# Spray Electrical Tape



## MariettaMike (Jun 14, 2012)

I was down to 3 out of 15 LED lights on on one side and 1 of 15 on the other side on my boat trailer lights that are 17 months old, so I sprang for new ones. Lesson learned is don't lose the receipt, but considering I had to redo the connections due to corrosion so many times that I was out of wire, and it may not have mattered.

Did some research to try and improve on the corrosion problems I had over the past year and found a post about using liquid electrical tape. The only one I found at HD was spray. I thought it would be brush on, like PVC glue...anyway here's what it looked like after spraying over non-insulated butt splice connectors



...small heat shrink over each wire...
http://i735.photobucket.com/albums/ww359/MariettaMike/IMG_20140125_143038_zpsove24icp.jpg[/IMG]

...large heat shrink over the whole deal...
http://i735.photobucket.com/albums/ww359/MariettaMike/IMG_20140125_14351_edit_1390678550772_zpslfdgd5sn.jpg[/IMG]

Hope it lasts, because it will be a bitch cutting that heat shrink off.


----------



## topnative2 (Feb 22, 2009)

Looks great but now u need to smear some silicone on the ends.The water will get in were the wires come together.
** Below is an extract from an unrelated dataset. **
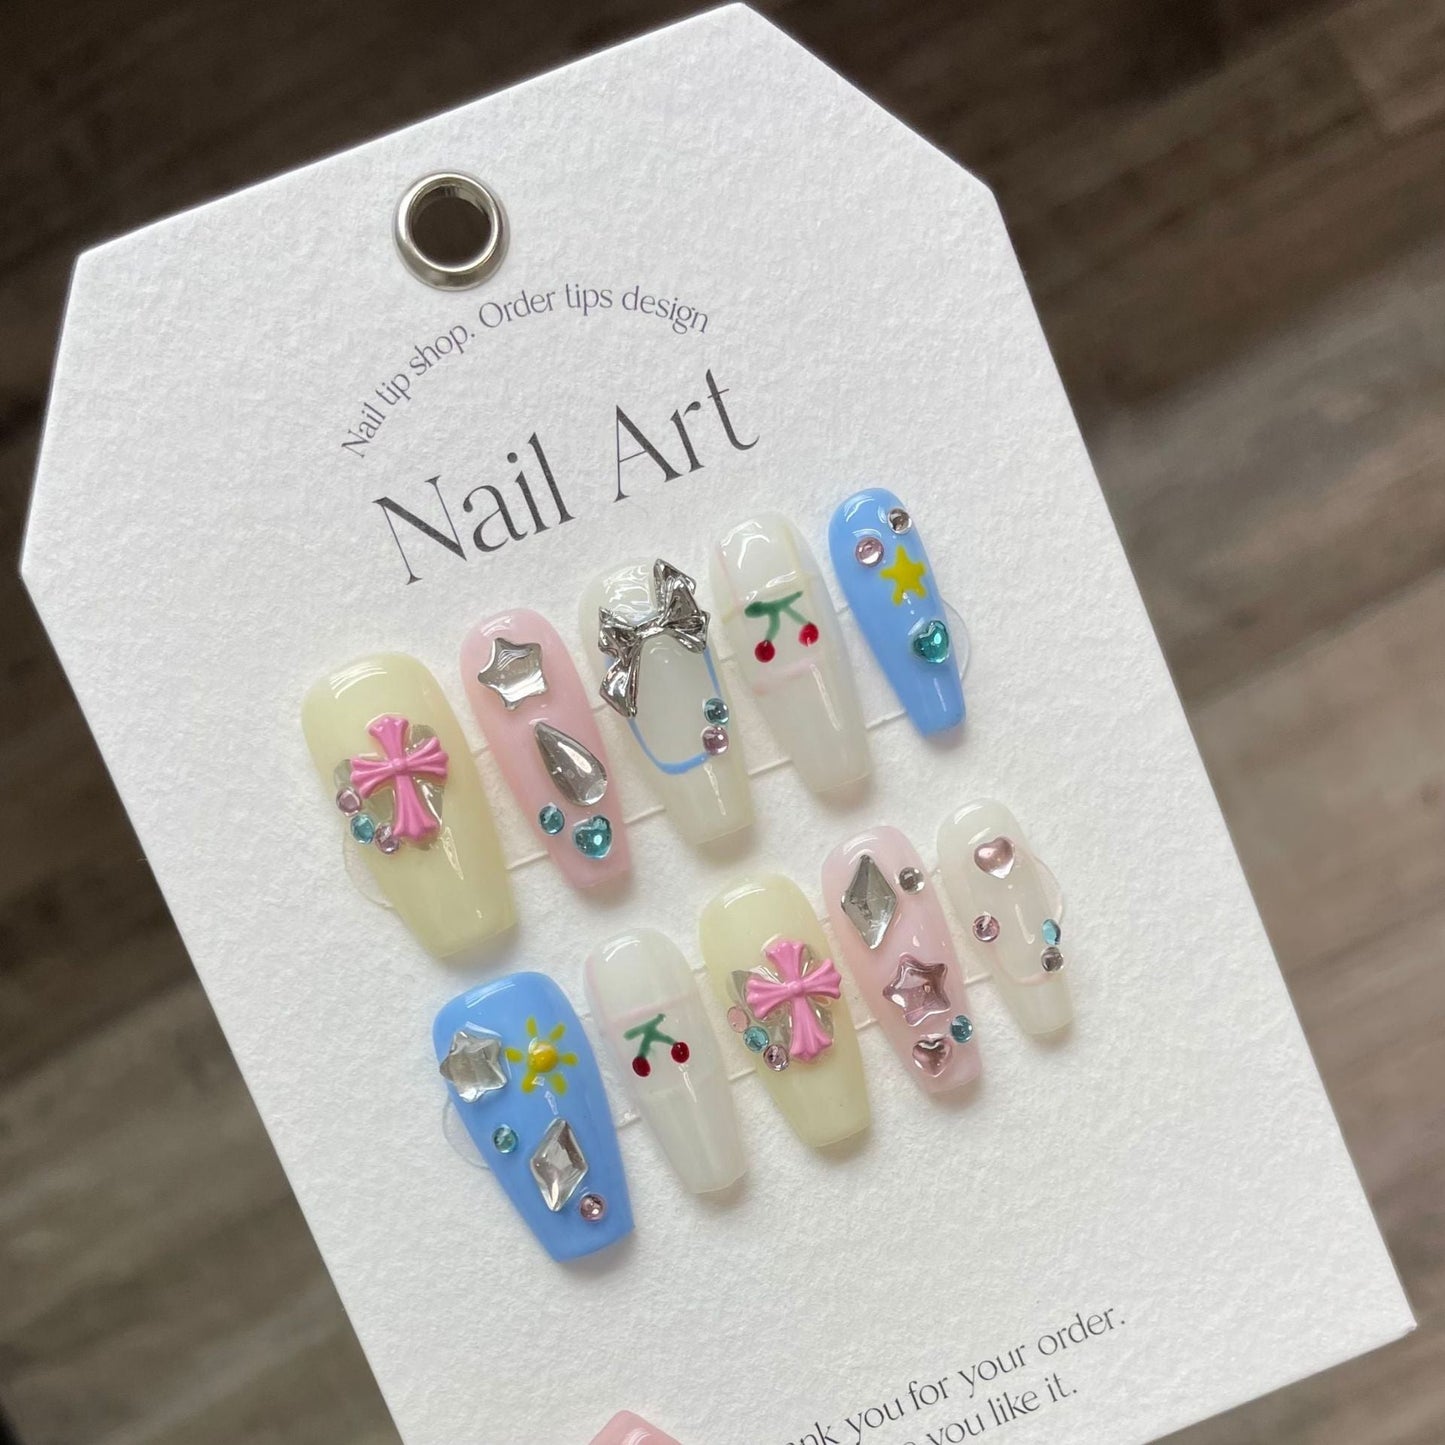 947 Sweet Cherry style press on nails 100% handmade false nails pink white blue

I got tired of the same thing and used simple but splices and then coated them w/ silicone not pretty but works.Or you can spring for the expensive splices and a good heat gun..... good luck


----------



## RigaRoo (Aug 14, 2011)

Best thing I did after reading up on marine electrical as to take the liquid tape (brush on) coat the connections and slide heat shrink over it while it is still wet. Heat with a heat gun and the tape will ooze out the sides completely sealing the connection.


----------



## topnative2 (Feb 22, 2009)

neat idea ----gotta remember that one


----------



## MariettaMike (Jun 14, 2012)

> Best thing I did after reading up on marine electrical as to take the liquid tape (brush on) coat the connections and slide heat shrink over it while it is still wet.  Heat with a heat gun and the tape will ooze out the sides completely sealing the connection.


I kinda did that on one of them, but the ends sealed off first causing a bubble to form in the middle, I kept heating until the bubble popped, the shrink shrank and the liquid tape came out the hole and sealed it.

Lesson Learned: heat shrink the middle first


----------



## RigaRoo (Aug 14, 2011)

Yup inside to outside...


----------



## Les_Lammers (Feb 17, 2007)

I saw a skiff the other day that had the lights mounted on the PVC guides...they never get wet.


----------



## Capt Dan Medina (Apr 28, 2008)

> I saw a skiff the other day that had the lights mounted on the PVC guides...they never get wet.


To me, this is the best way. Also, keep all your butt connections up high and they never get wet. You will have to spring for a spool of trailer wire to make this happen on most trailers as the standard lengths in kits usually won't have enough. Spend a little more now to save time and headache later down the road.


----------